Okaihau - Okaihau on the main trunk line

Author: Peter Cape, Kate Molloy and Wikipedia     Publisher: Sioux    

Although it is hard to imagine in the 21st century, Okaihau was once destined to be a major Northland railway line known as the Okaihau Branch.

Sometimes also known as the Kaikohe Branch or Rangiahua Branch, the line joined the North Auckland Line and was intended to run all the way to Kaitaia.  It opened to Okaihau in 1923 and closed in 1987.

The Great Depression proved catastrophic for the fortunes of the line beyond Okaihau and further construction to Kaitaia was abandoned in the early 1930s.  Although the steep Rangiahua section was complete, it was plagued by slips and not seen as being particularly useful.  Termination at Okaihau was the result.  The total branch included stations at Kawiti, Cameron's Crossing, Ngapipito, Rakautao, Ngapuhi, Kaikohe, Lake Omapere and of course Okaihau at 40km.

The line saw lesser and greater use during its existence and by 1950 featured six trains each way a week, some including passenger carriages.  Folk singer Peter Cape wrote and sang a song - the Okaihau Express - during this time!

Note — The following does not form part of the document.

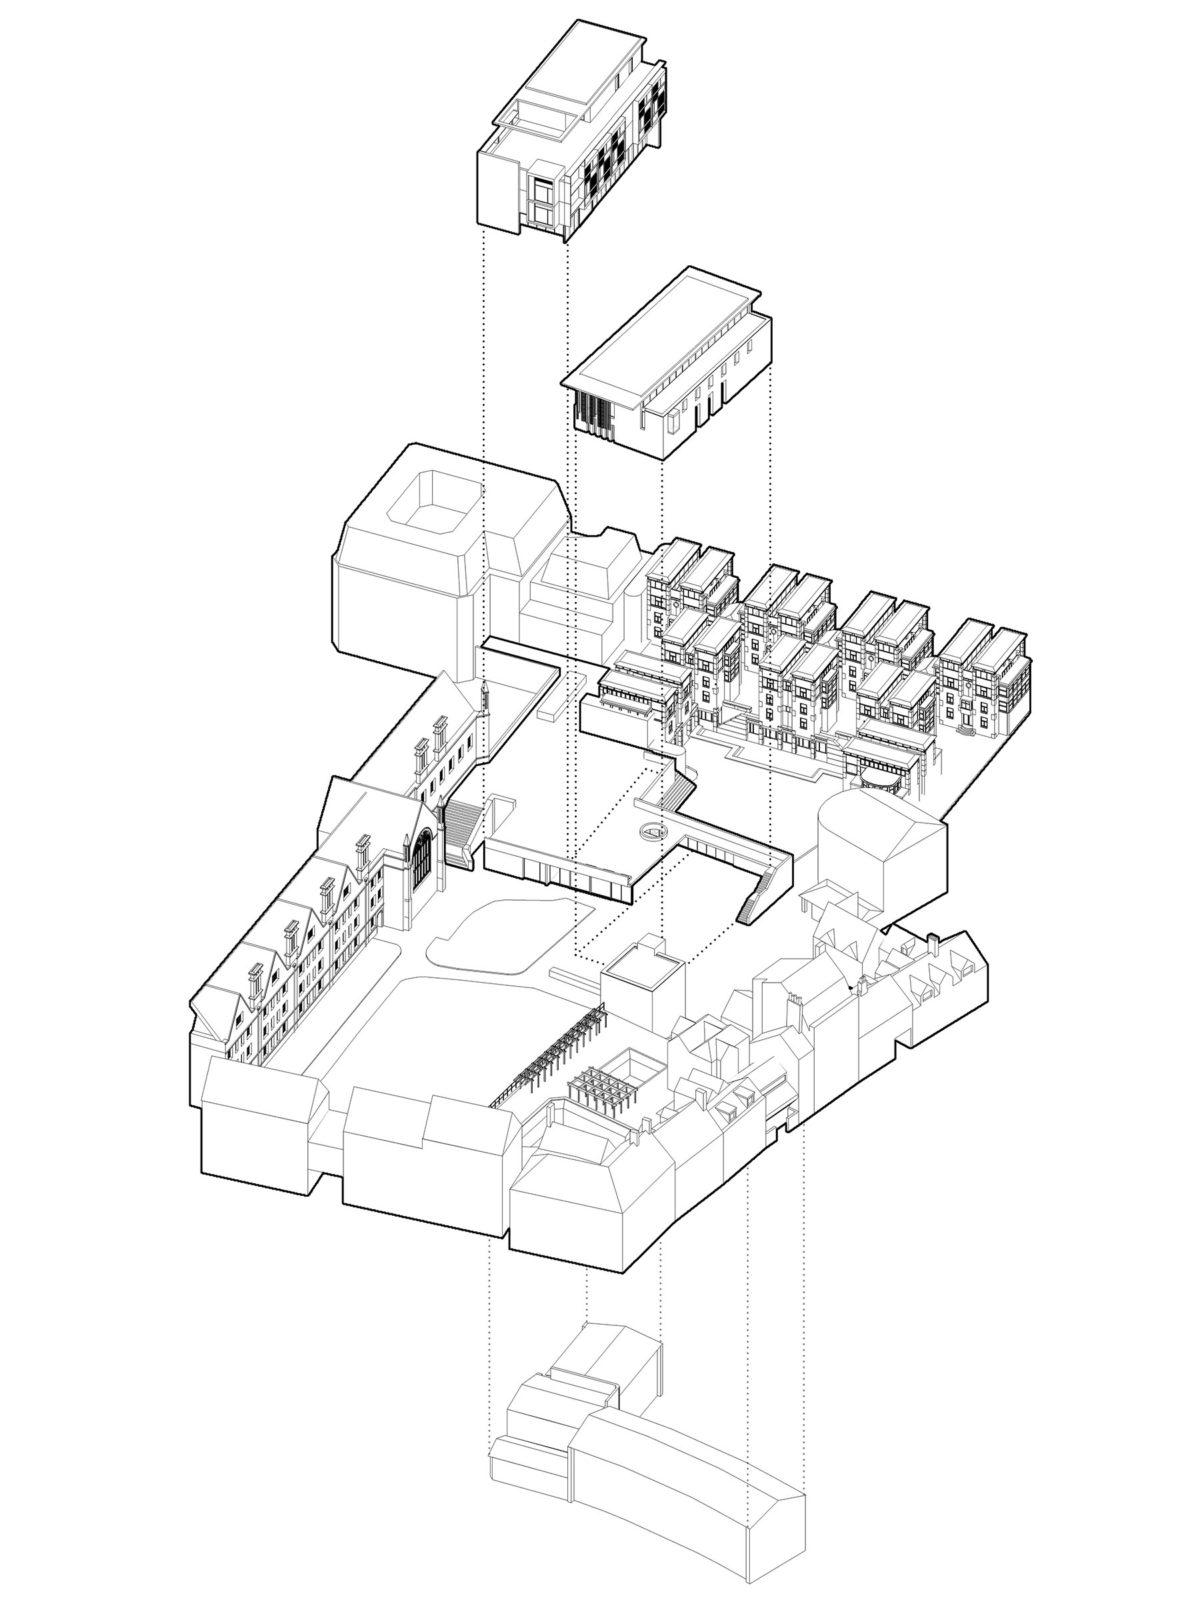 DesignEngine Wadham College Visualisation Axonometric

Road and rail reviews in 1977 lead to a decline in freight traffic with the branch closing a decade later.  Although only some rails are still in place, the line's formation remains obvious including embankments and cuttings.  A local community trust is working to convert the trackbed betweeen Okaihau and Kaikohe into a walking and cycling track similar to the Otago Rail Trail.